Colourful Little Birds


Colourful little birds sculpture

More Little Birds.  This time the Little Bird sculptures are full of colour, courtesy minerals deposited in the sediment which formed the stone, namely iron oxide.

These bands of rich, rust colouring really add some special character to these small sculptures.

Little Birds garden sculpture

As I was carving these two I began to wonder who carved the very first bird sculpture and what inspired it to be made.

A sculpted piece of mammoth ivory may be the earliest representation of a bird, found in a cave in Germany. The 30 000 year old figurine depicts what looks to be a diving cormorant with swept-back wings.

The first known stone carvings are Bird Stones made by Native Americans.  These pre-historic bird shaped stones were abstract and noted for their distinctive simplicity and beauty.  They first appeared some 5000 years ago and were a common inclusion in graves, perhaps they had a ceremonial importance of some kind.

small stone birds

Most of these birds have a small hole drilled at the base of the neck and another lower down, presumably for mounting.  There is some suggestion that they were part of an atlatl (a short rod to hurl spears), or that these artifacts were worn as decorative items denoting marriage status or pregnancy, and as totems representing tribes.  The stones range in size from three to six inches, and have unique variations in style.

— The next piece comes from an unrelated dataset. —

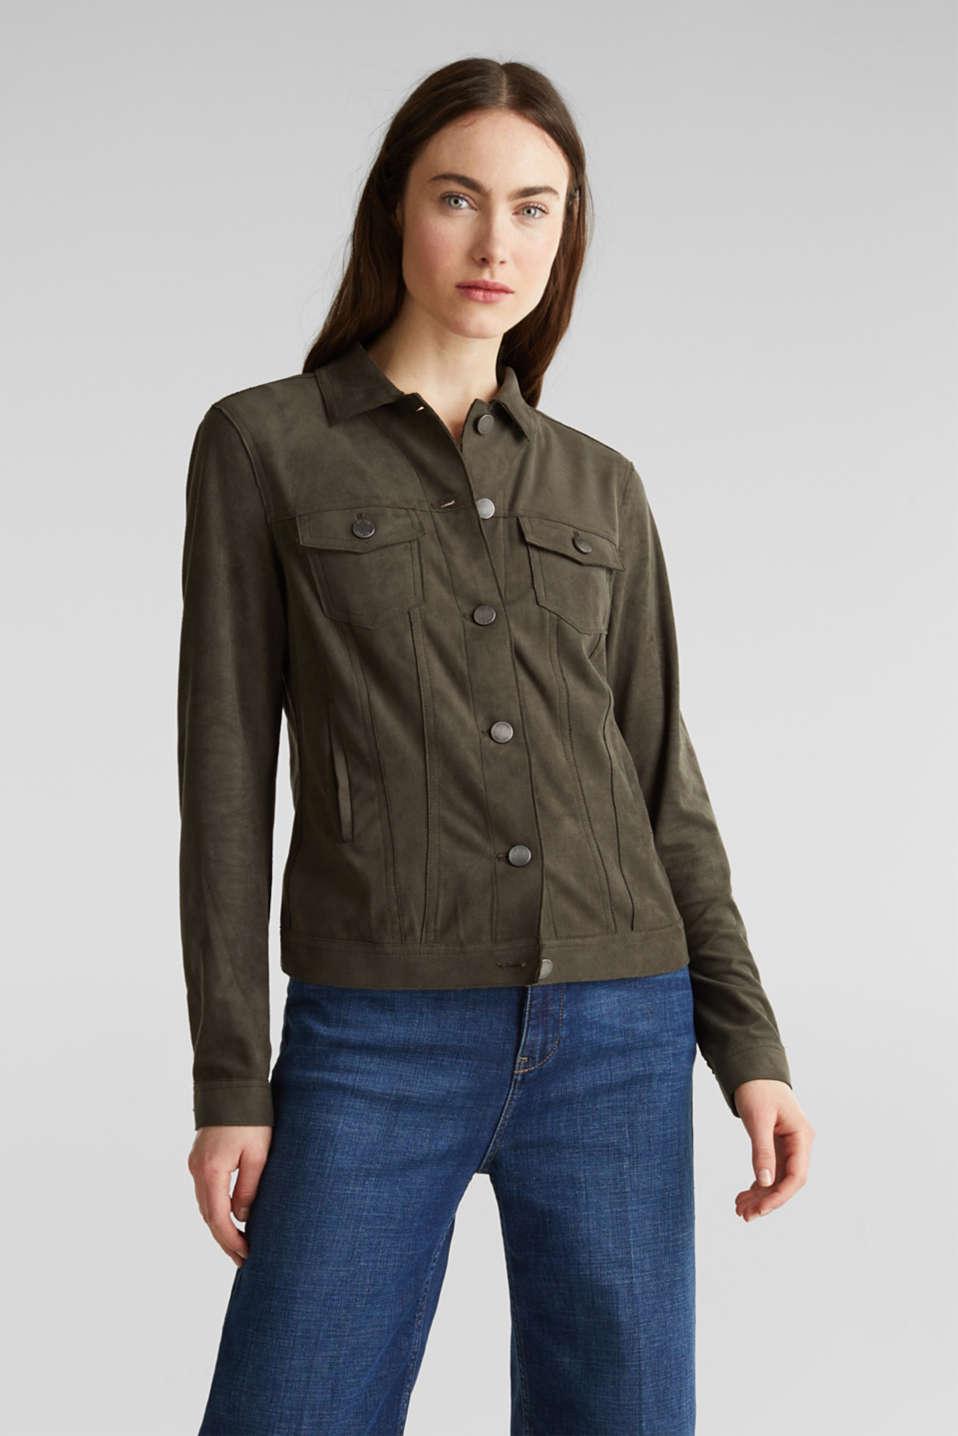 Soft faux suede jacket, KHAKI GREEN, detail image number 5
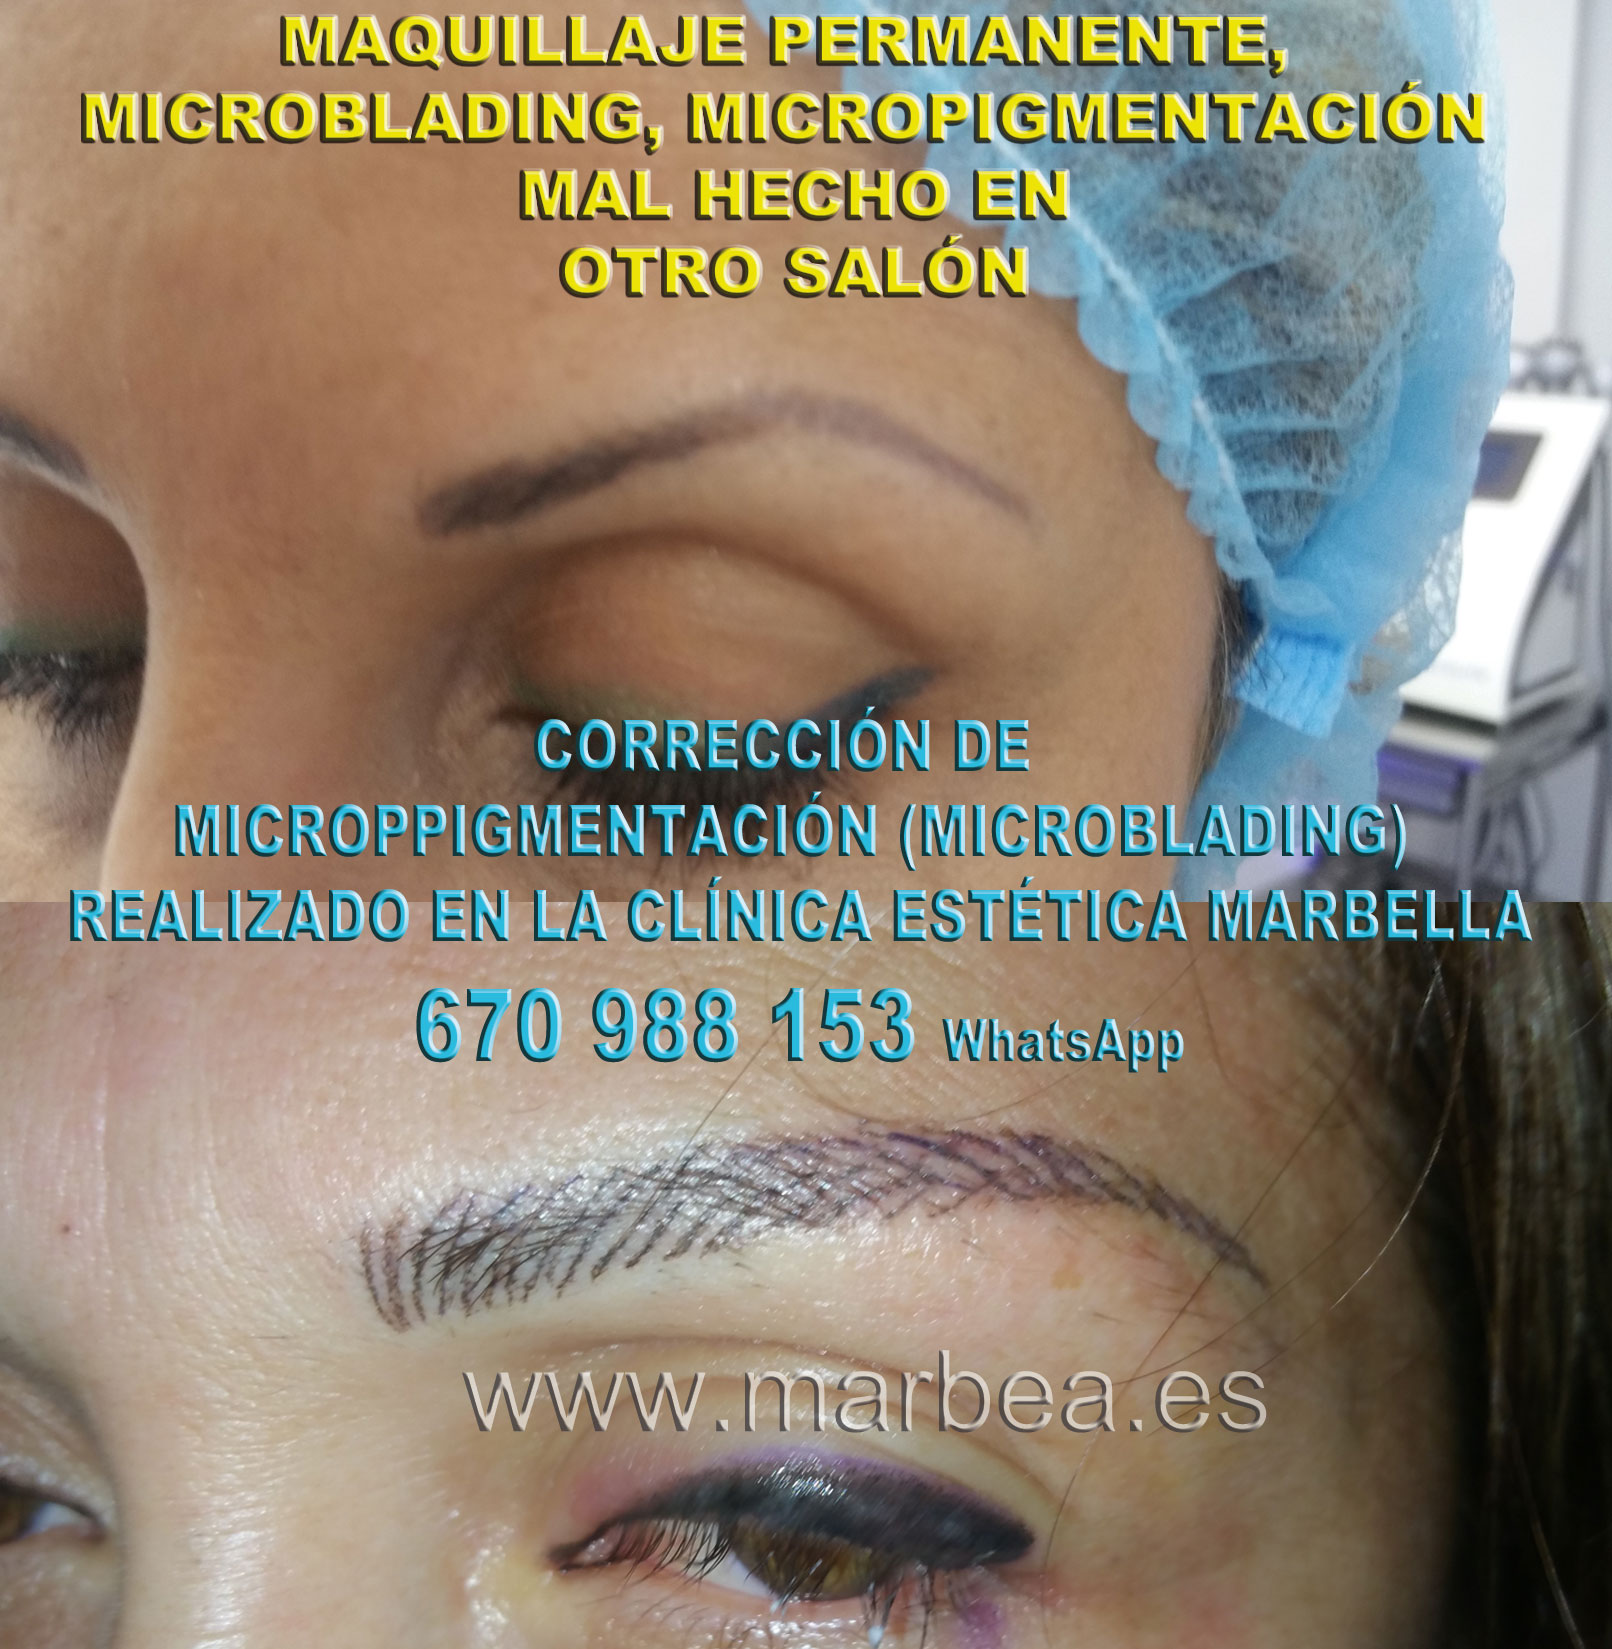 CORREGIR TATUAJE DE CEJAS clínica estética maquillaje semipermanente ofrece como aclarar la micropigmentación cejas,micropigmentación correctiva cejas mal hecha

I rather like the idea they suggest a group or society with a common culture, I suppose my two birds are totems of a kind.  It is rather a nice thought that they are symbols for like-minded, nature loving, bird appreciating others.

Two Little Birds sculpture

It connects me somehow with those early sculptors – we can only guess at their inspirations, but so often the interpretations come down to the carvings seeming to demonstrate a respect for the natural world.  They may depict creatures that impressed early humans with their power or skill, or with which people felt they shared common characteristics.

How I’d love to go back in time and meet those creative carvers, and wonder what they would make of my birds.